Faz algum sentido ler Marx nesta época?
Depois de 153 anos, desde o primeiro volume de O Capital, ou 126 desde o terceiro, o mundo sofreu imensas transformações. Haverá ainda o que encontrar em Marx para entender o mundo em que vivemos?
Tratei deste tema em nota técnica na 16ª Carta de Conjuntura da Universidade Municipal de São Caetano do Sul, e aqui farei uma síntese. Entre os estudiosos, os defensores da atualidade de Marx são minoria. Todavia, impressiona o crescimento daqueles que, nos últimos 25 anos, incluindo adversários da crítica de Marx ao capitalismo, passaram a considerar importante e até imprescindível conhecer as opiniões desse polêmico autor.
Um apanhado das manifestações nesse sentido entre empresários, jornalistas, governantes e inclusive economistas não marxistas, pode ser encontrado na apresentação do livro de autoria deste autor: O Retorno de Karl Marx – A Redescoberta de Marx no Século XXI (Anav, 2017). O destaque dessa curiosa e às vezes bizarra coleção de declarações da validade de partes ou do todo da análise marxista é que, em grande parte, elas partiram de pessoas nem um pouco identificadas com concepções socialistas, incluindo investidores bilionários, ao menos uma gestora do FMI, economistas-consultores de grandes bancos etc.

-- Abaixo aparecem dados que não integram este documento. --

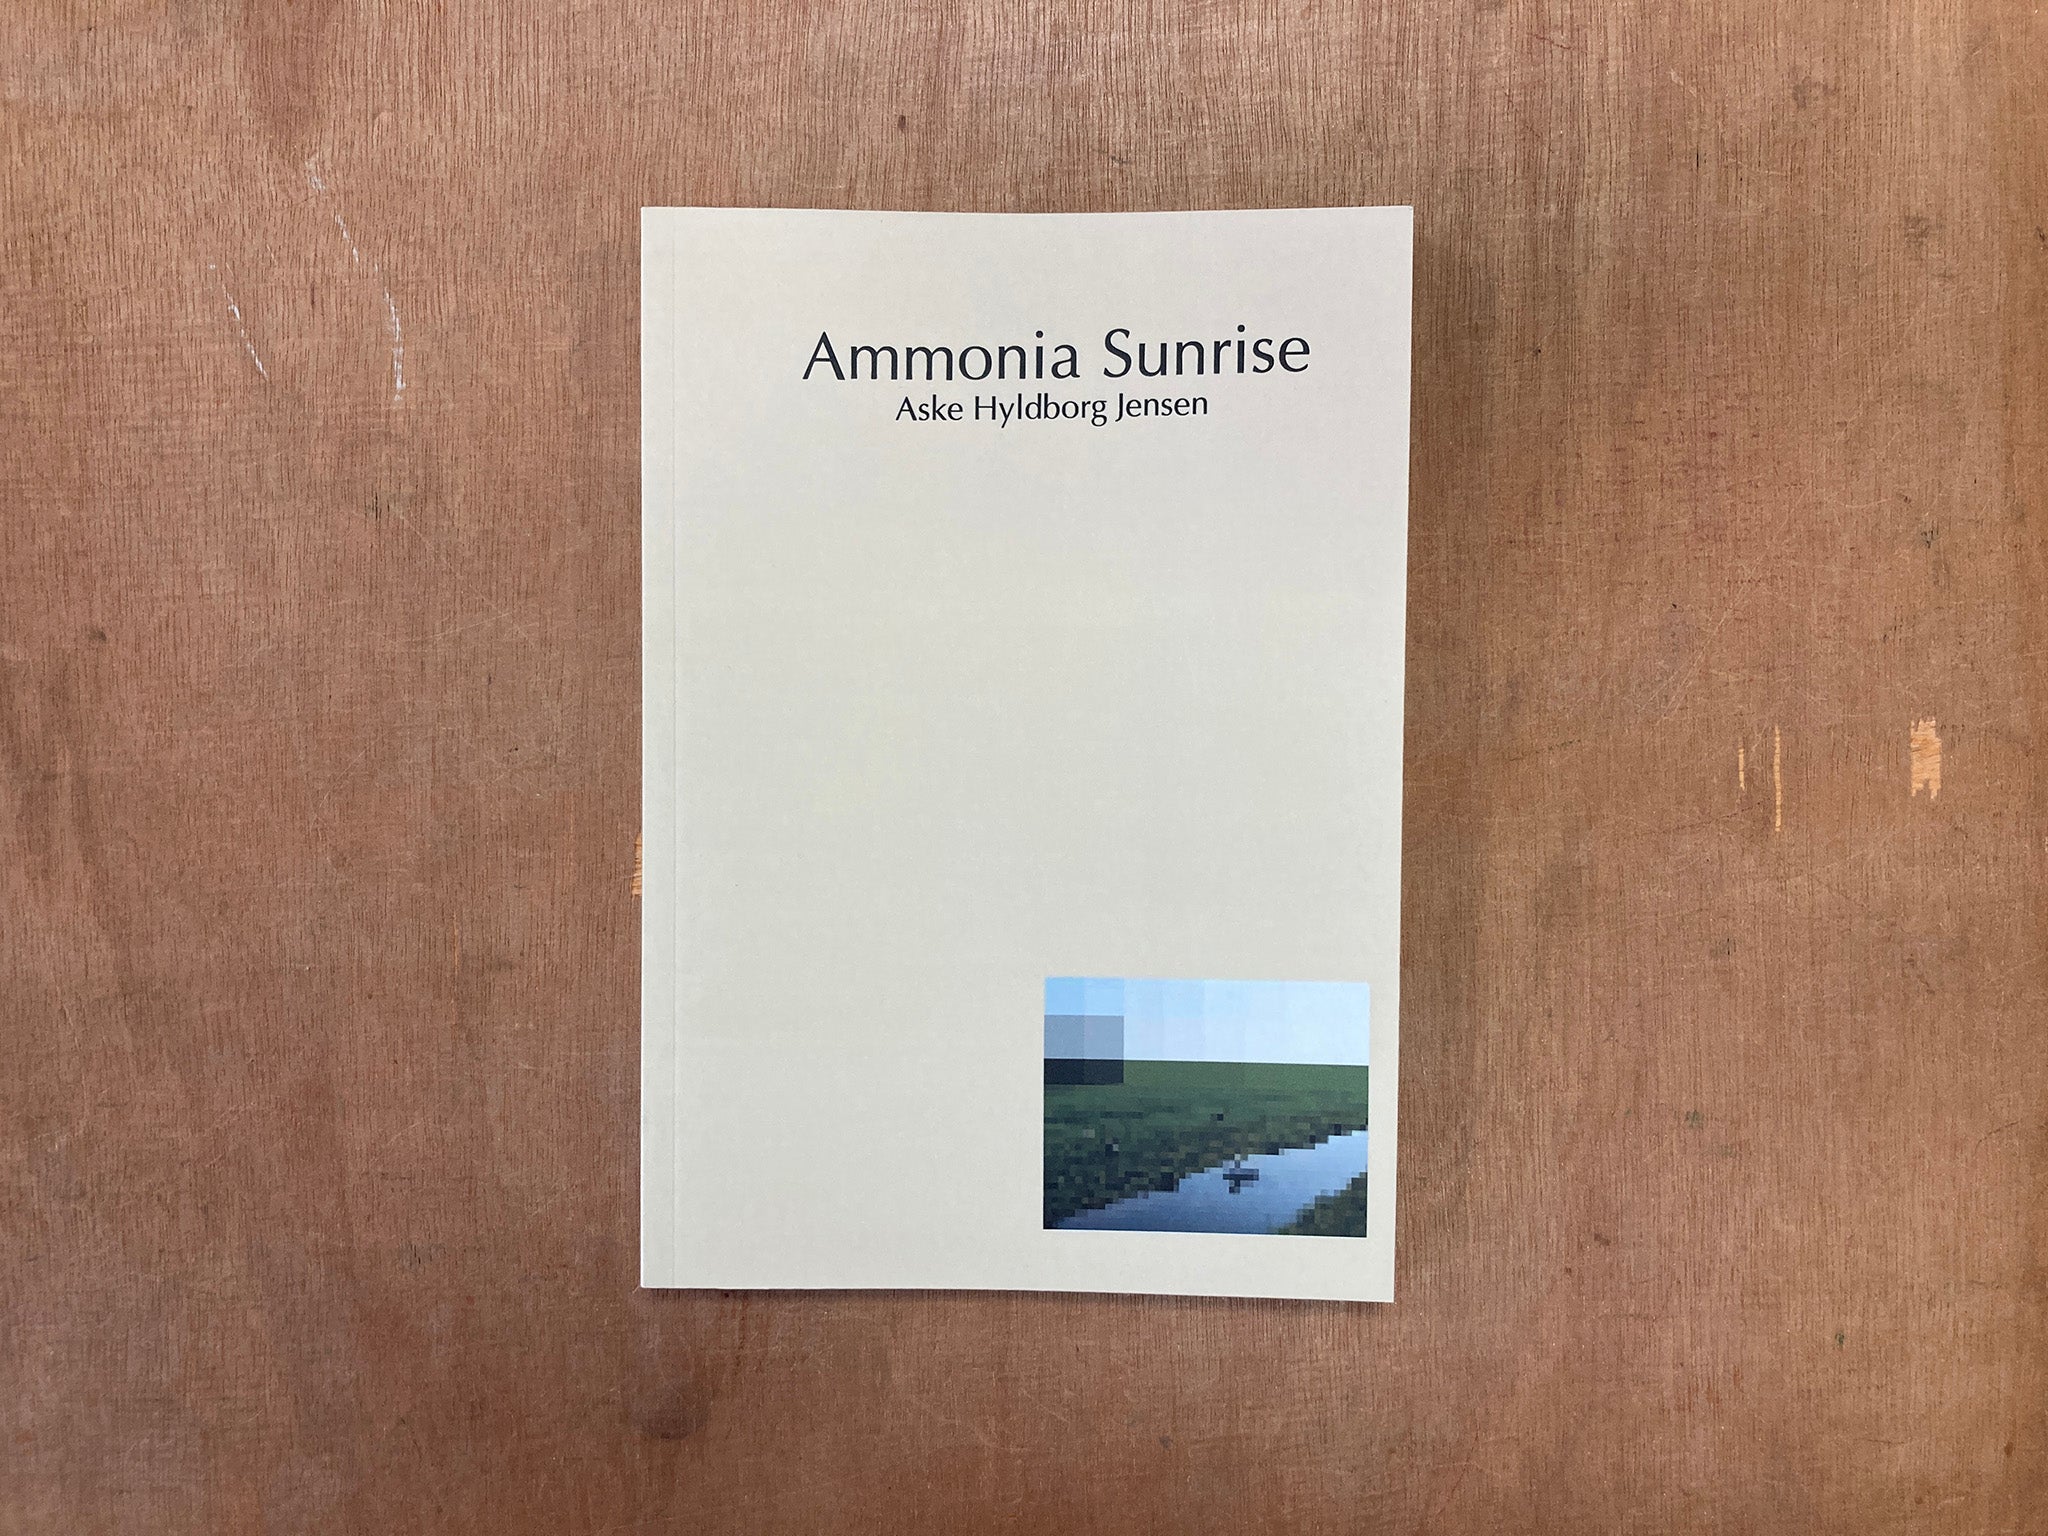 AMMONIA SUNRISE by Aske Hyldborg Jensen

As crises do último quarto de século provocam reflexão. Alguns megainvestidores admitem a confirmação de aspectos da análise marxista exatamente sobre a instabilidade crônica do sistema capitalista mundial. Outras preocupações – como a de ex-diretora do FMI, ou do Fórum de Davos, reunião de financistas privados e executivos públicos na gestão econômica de diversos países – repercutiram as teses de Marx sobre a crescente pauperização e o aumento da desigualdade socioeconômica, confirmadas pelo economista Thomas Piketty em O Capital no Século 21.
Depoimentos mais recentes, de agentes bem situados no mercado financeiro e na imprensa de negócios, abordam a ameaça de recessão crônica. Os exemplos a seguir são do período posterior à crise subprime e anterior ao surgimento da presente pandemia.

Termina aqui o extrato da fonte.